● **Instructions for the task**
A verbatim repetition of the data below is requested, without images.

● **Supplied information**
★ ★ ★ ★ ★
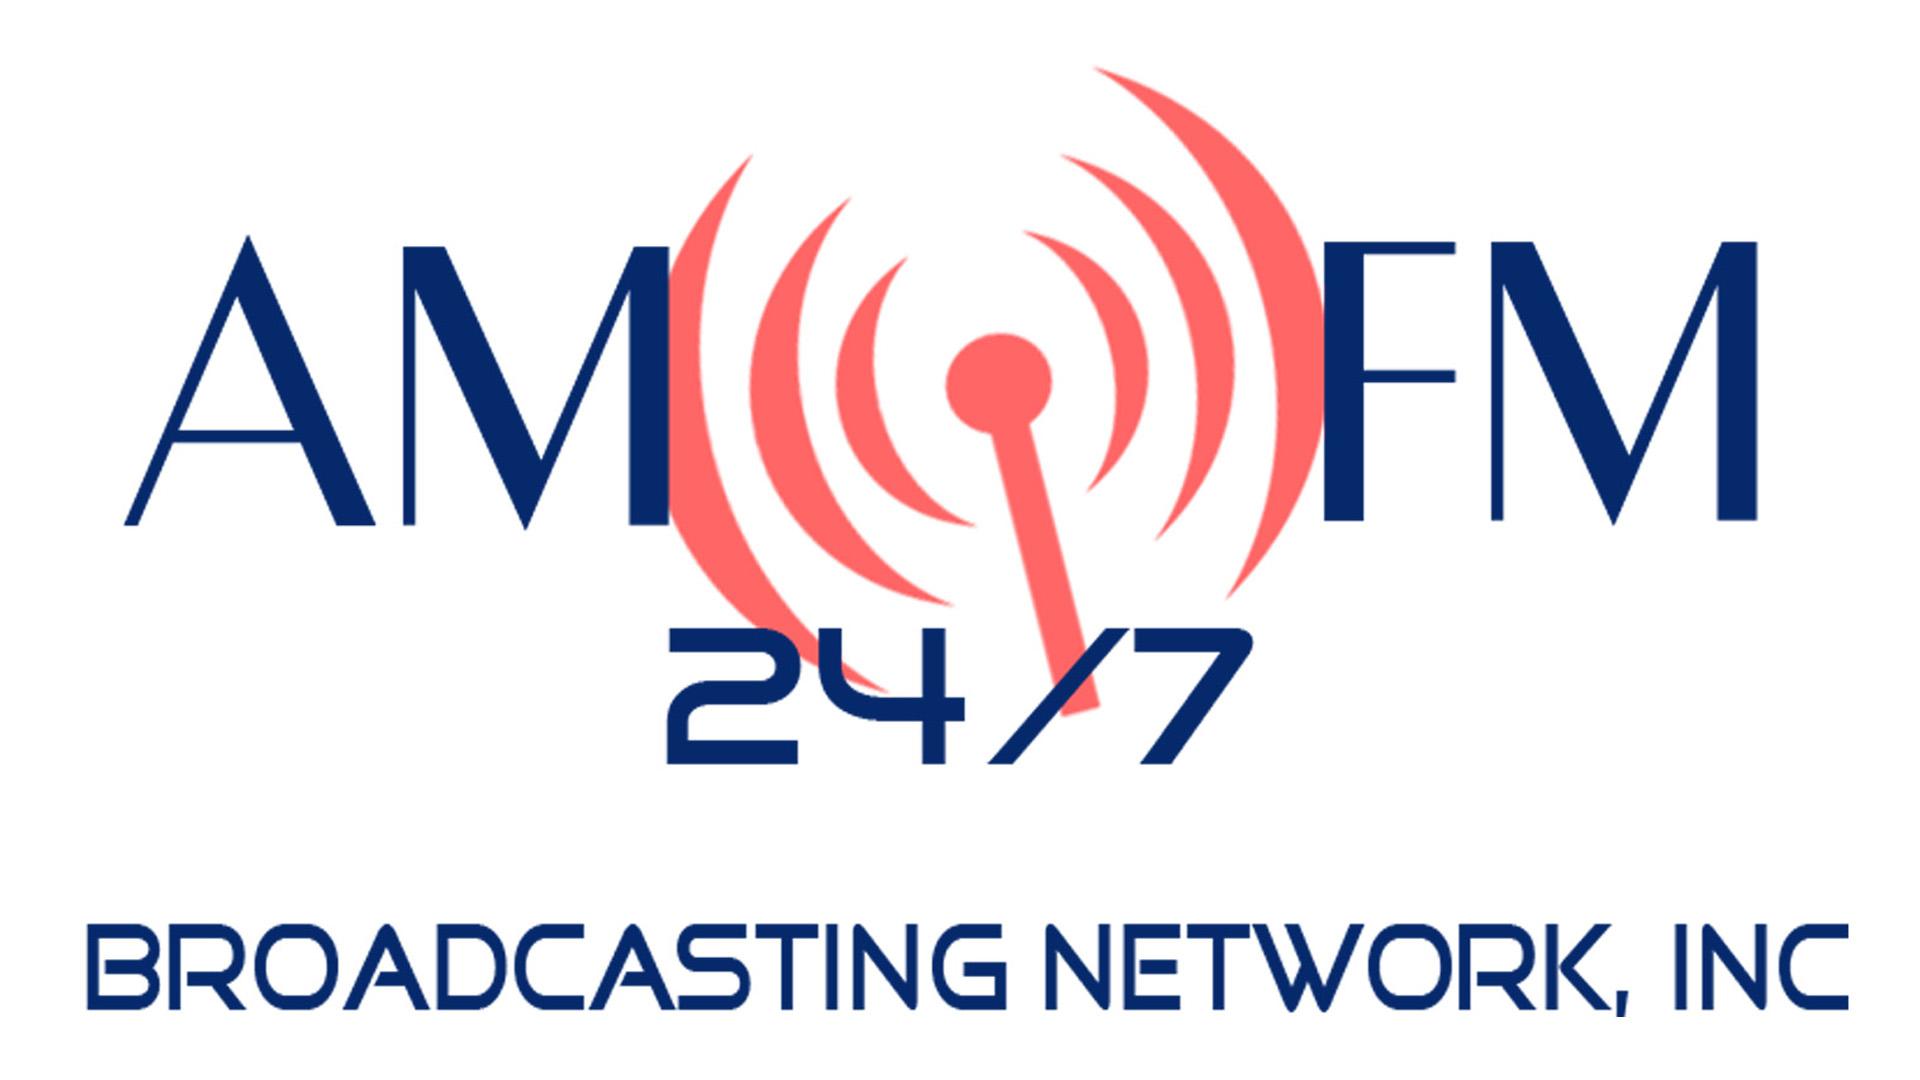 WAMF-DB 87.9 FM
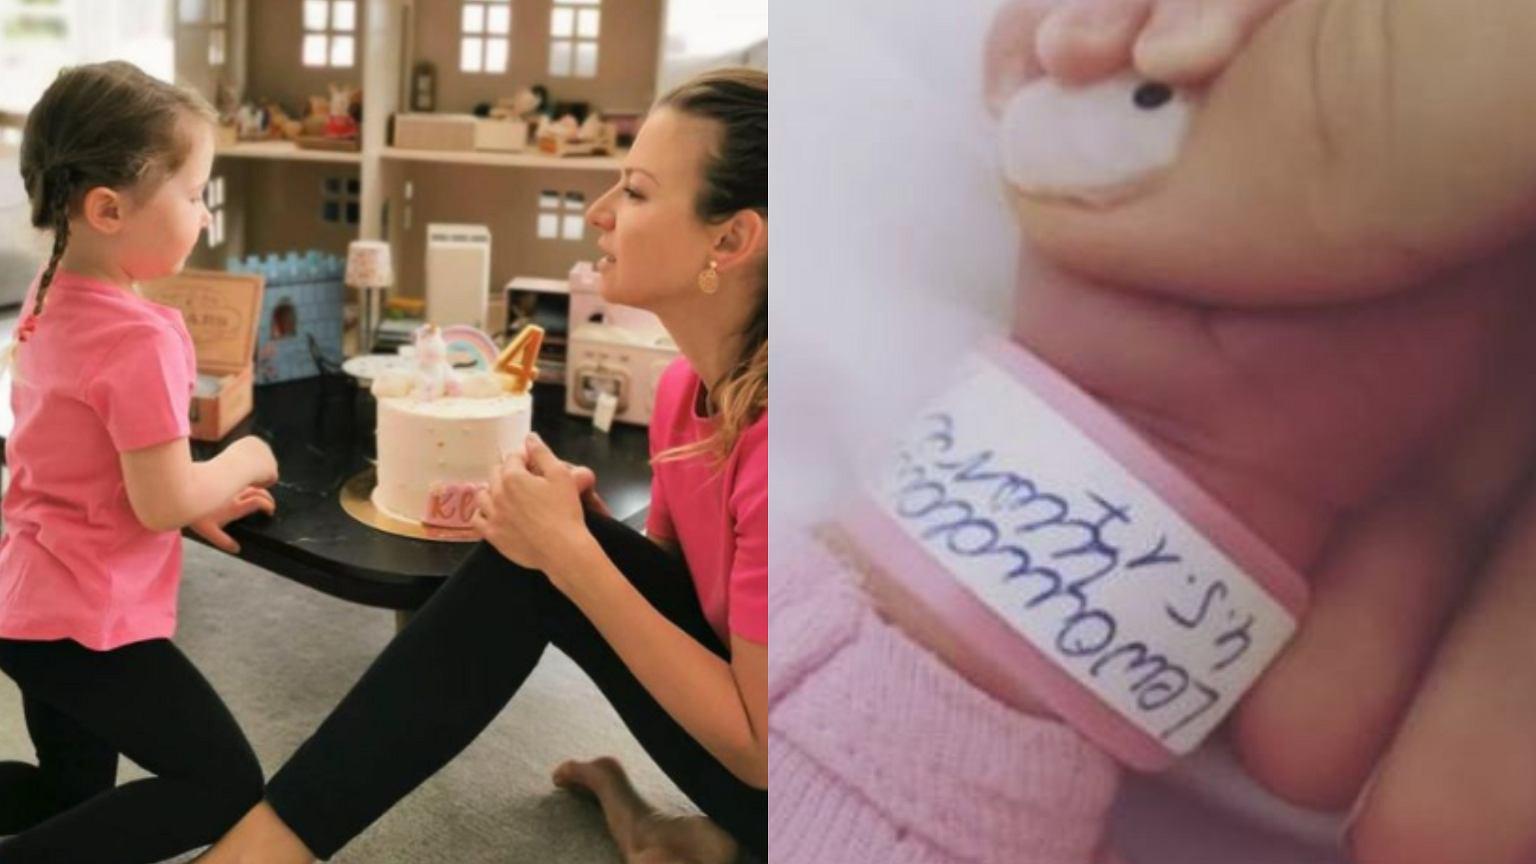 Klara skończyła cztery lata. Anna Lewandowska dodała niepublikowane zdjęcia z porodówki
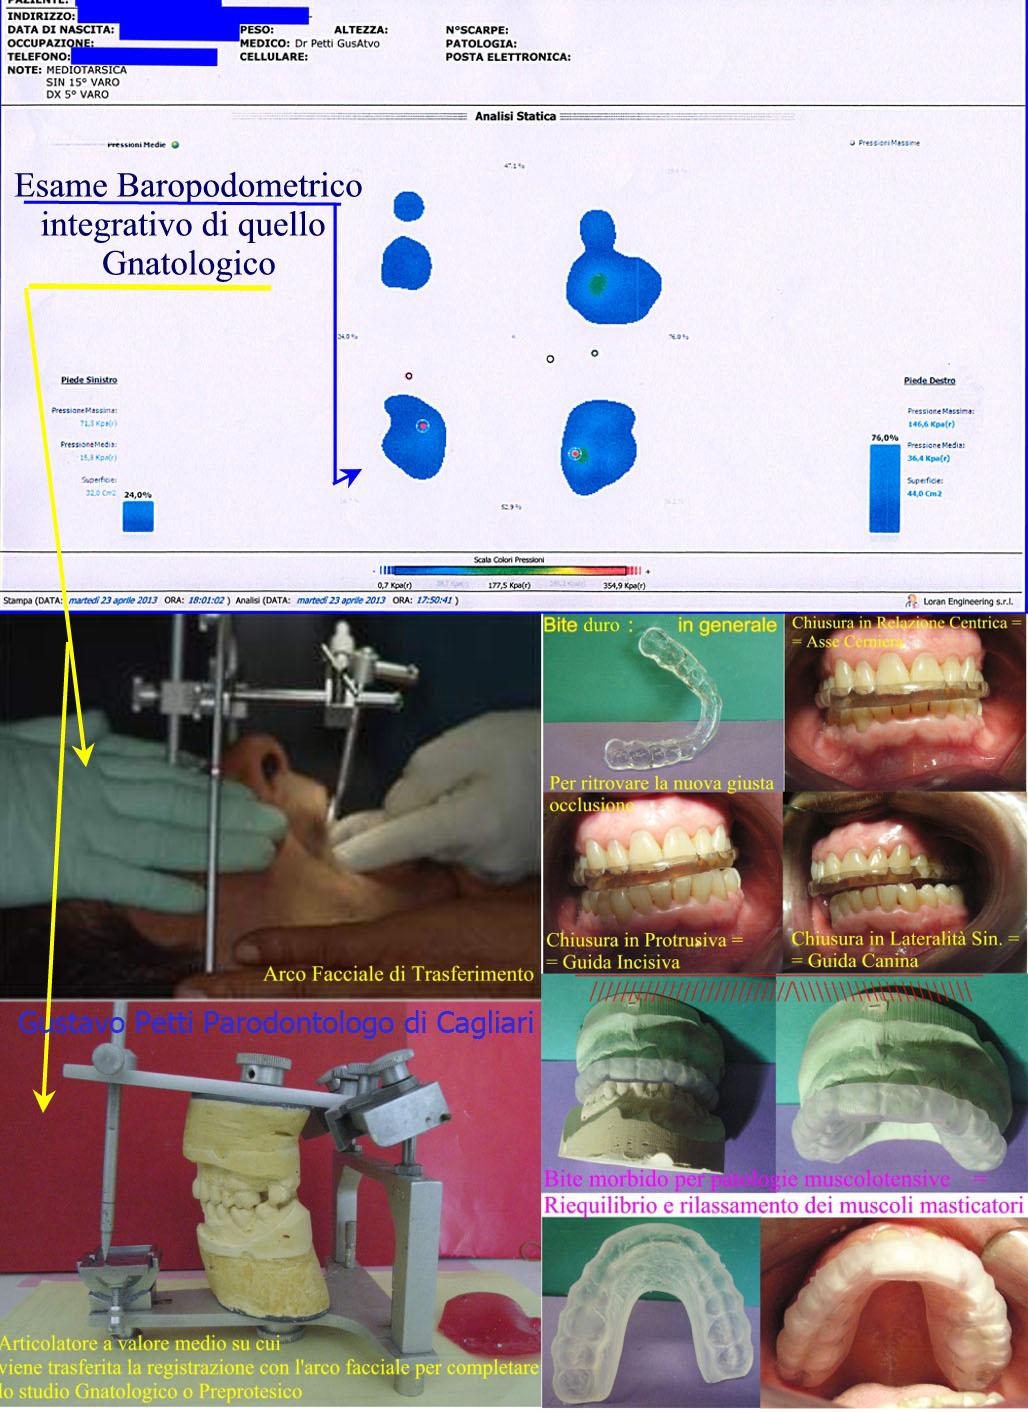 gnatologia-dr-g.petti-cagliari-611.jpg
★ ★ ★ ★ ★
● **Solution to the problem**
 WAMF-DB 87.9 FM
 Klara skończyła cztery lata. Anna Lewandowska dodała niepublikowane zdjęcia z porodówki
 gnatologia-dr-g.petti-cagliari-611.jpg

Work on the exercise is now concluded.